Mundane Magic Places
Melvin Burgess’s YA novel The Lost Witch starts with rain – ‘It was tipping it down’ – as the teenage protagonist Bea and her family drive home from a disastrous holiday in North Yorkshire. Nearing home, they are surprised to see a hunt chasing three hares across the hillside, and even more astounded when one of the hares, ‘as big as a small dog’, leaps through the car window and settles in terror on Bea’s lap. Another, ‘a great, gaunt beast with grey on its muzzle,’ looks her in the eye and reveals ‘worlds upon worlds within worlds.’
I was reminded of this fictional moment on a walk around South Leigh I took this week. It was the one bright day of half term and although I had some urgent work to do, I also needed fresh air. I stopped in at the pub for coffee and then followed my nose towards the church – a neat medieval building containing an unexpected but quite splendid Doom painting on the south wall. Fortified by caffeine and the sight of naked sinners being dragged into the mouth of a bored-looking dragon, I felt that this walk might be something special.
But it wasn’t until I cut back across a stubble-covered field on my way back to the village, after trekking along a series of muddy footpaths and a dull country lane, that magic was conjured. Three roe deer, startled by my clambering over a stile, chased each other towards the horizon. And then there was a hare, sitting upright in the centre of the field.* It waited for me to move. I stood still. It fell to four paws and ambled for a while. Hares aren’t uncommon in Oxfordshire, but I mostly encounter rabbits on my local walks. Rabbits scatter and bounce, flipping their tails into the air. Hares bound and leap, when they decide it is time to move. This one launched into a sudden race, disturbing two others that had been laying flat to the ground. The trio paused for a moment, grey-brown fur caught in the afternoon sunlight, then I lost sight of them.
I stayed with a friend in Somerset last week, and we took her dog out for a sodden walk before work. Rainwater gushed down steep narrow roads and cars splashed past us filled with children being taken to school. As we reached the top of a particularly muddy field, she stopped me. We were in danger of being washed away into the verge and there was nothing obvious to see. Even on a sunny day, there would be better points to stop and catch a view into the Cam Valley. But, she explained, this was her magic place. She’d seen hares here too. There had been moments of epiphany. In the spring, wildflowers transform this small plateau into something beautiful.

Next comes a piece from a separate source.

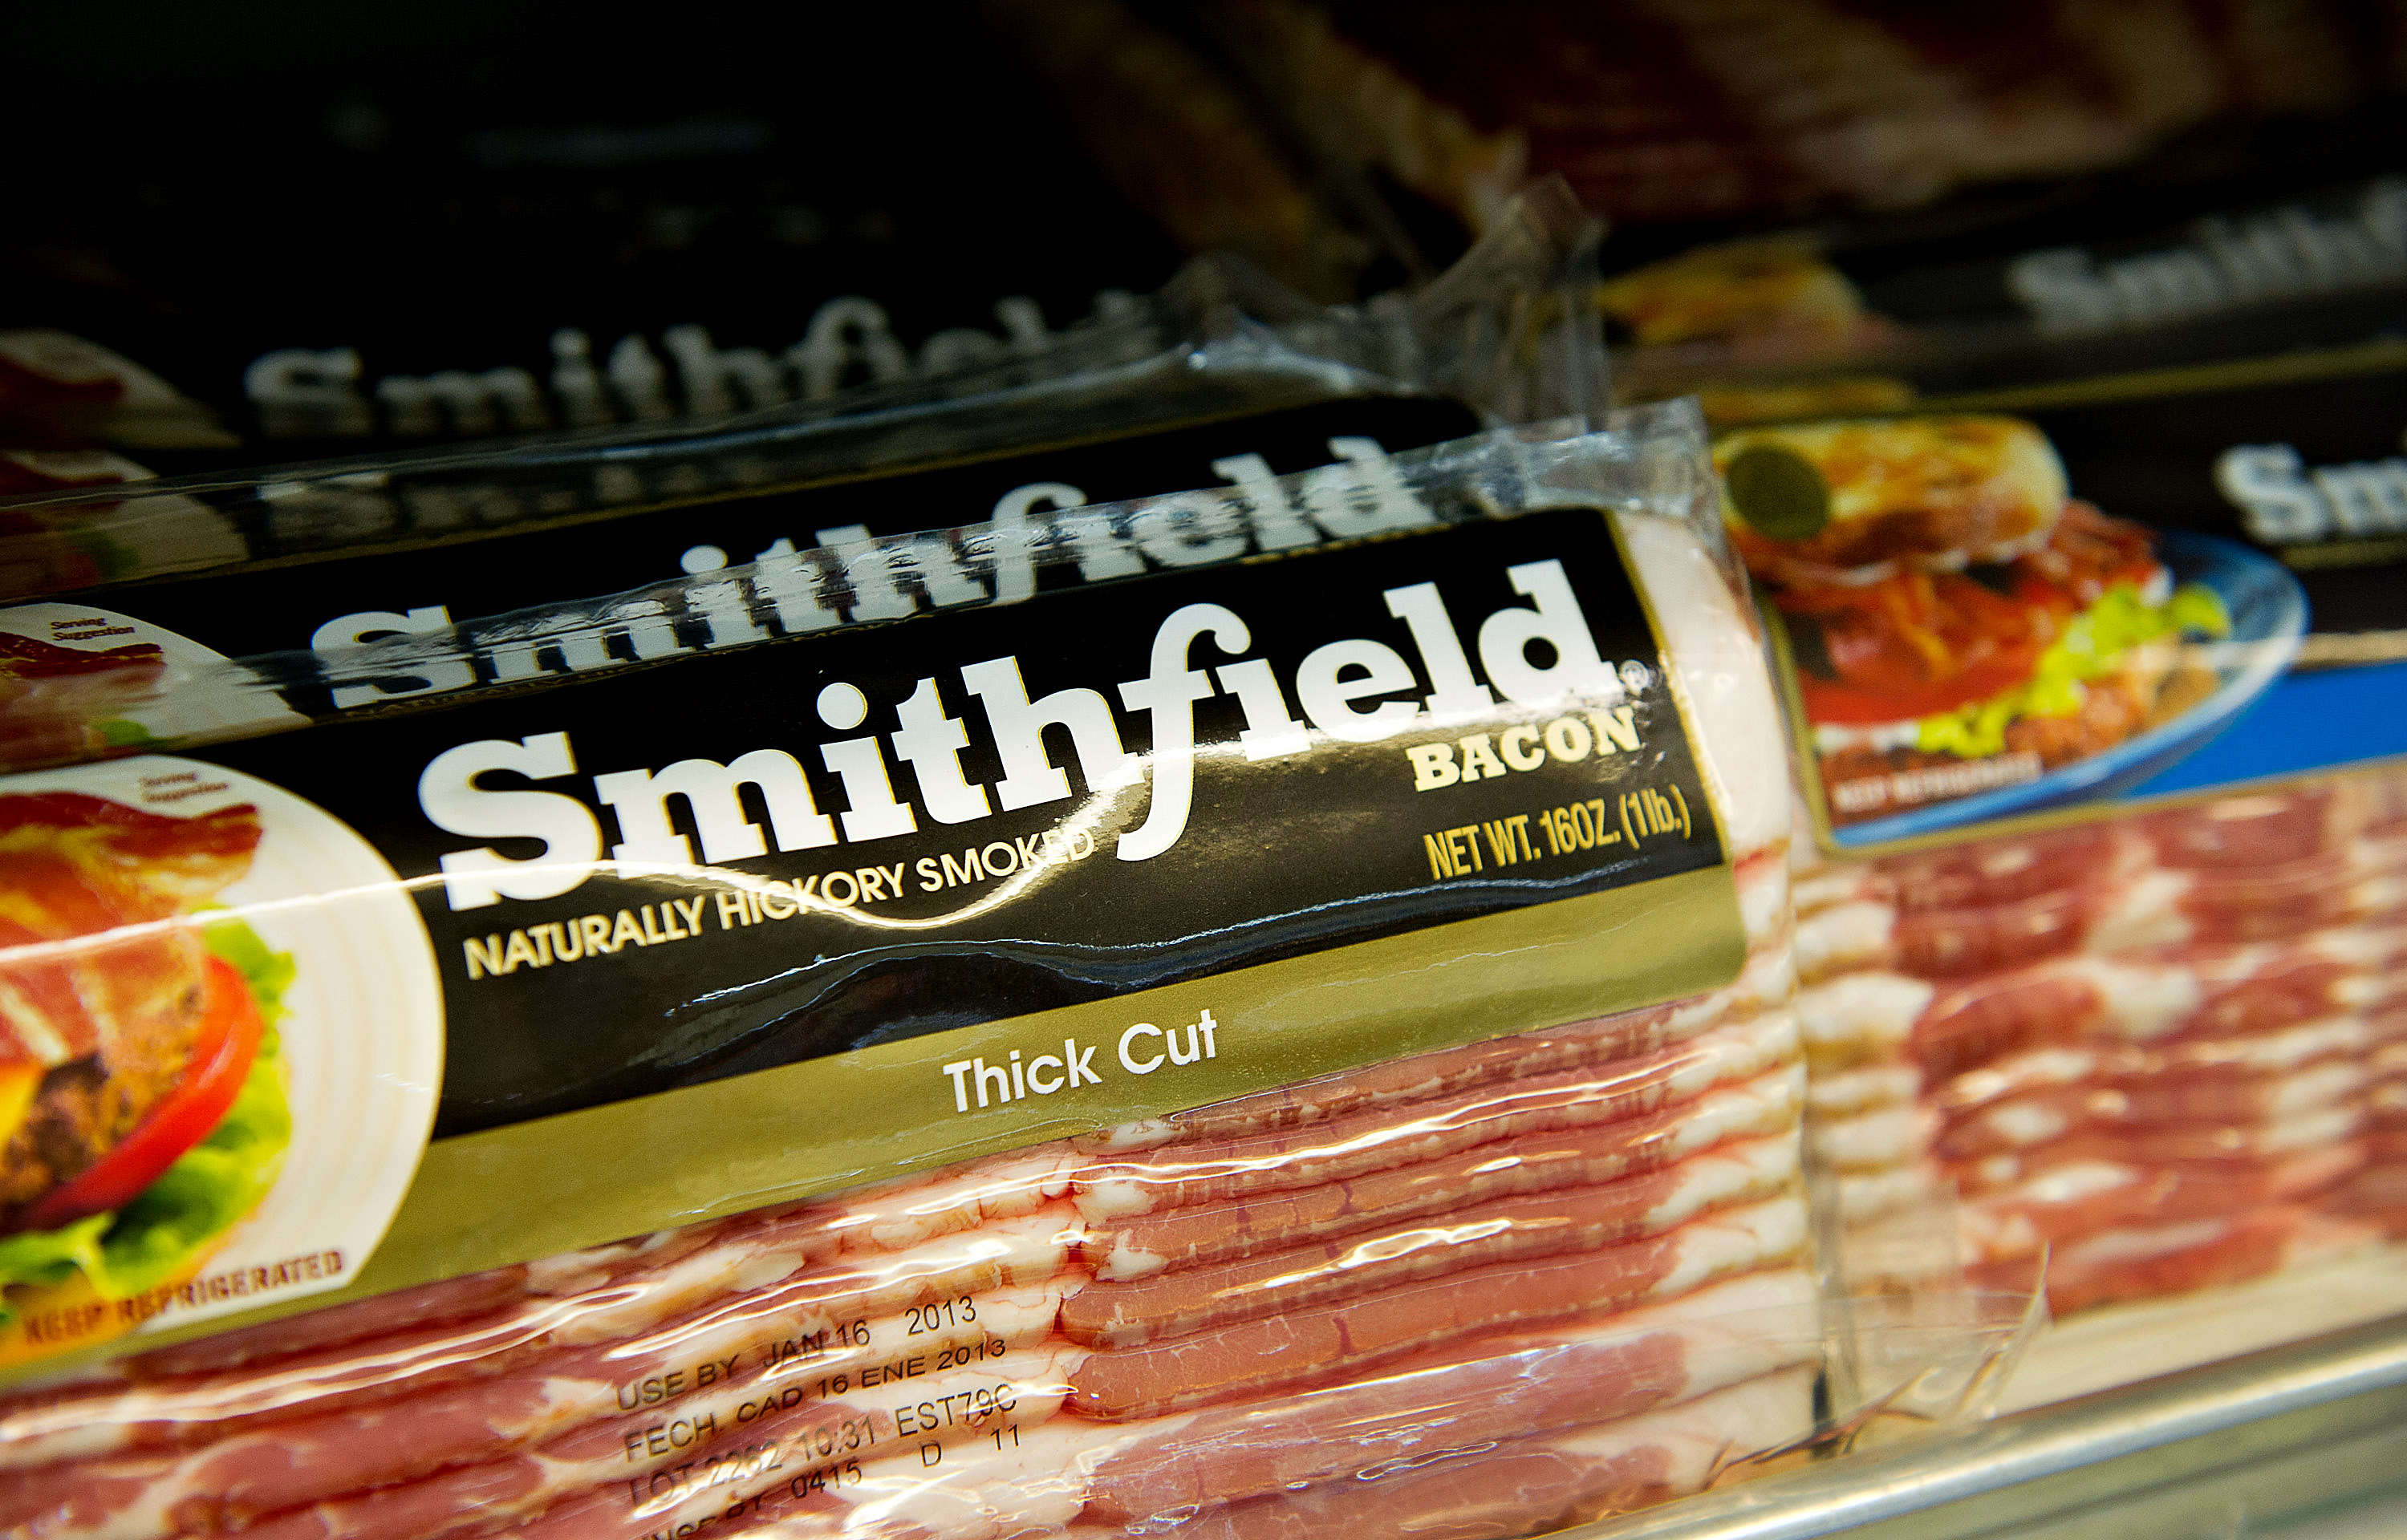 Smithfield is one of the oldest names in the US meat industry. Photo: Bloomberg

I like the idea of mundane magic. Elsewhere, I’ve written about books – like Burgess’s – that combine the ordinary and the extraordinary to tell wonderful stories of adolescent lives. I love everyday fictional worlds that reveal glimpses of the supernatural. I enjoy these books because they so often start with rain. In real life, I have my own magic places, unspectacular spots that nonetheless hold meaning and possibility. They are hard to describe, of course, because to others they are just fields, or a footbridge, or a bench on a golf course. But sometimes there are signs.
Magic places are surely portals of sorts. Find yours, check the signs. Tell me where they lead, what they signify, and what creatures guard them.
*If you look carefully at the first image in this post, you’ll see the hare and one of its mates.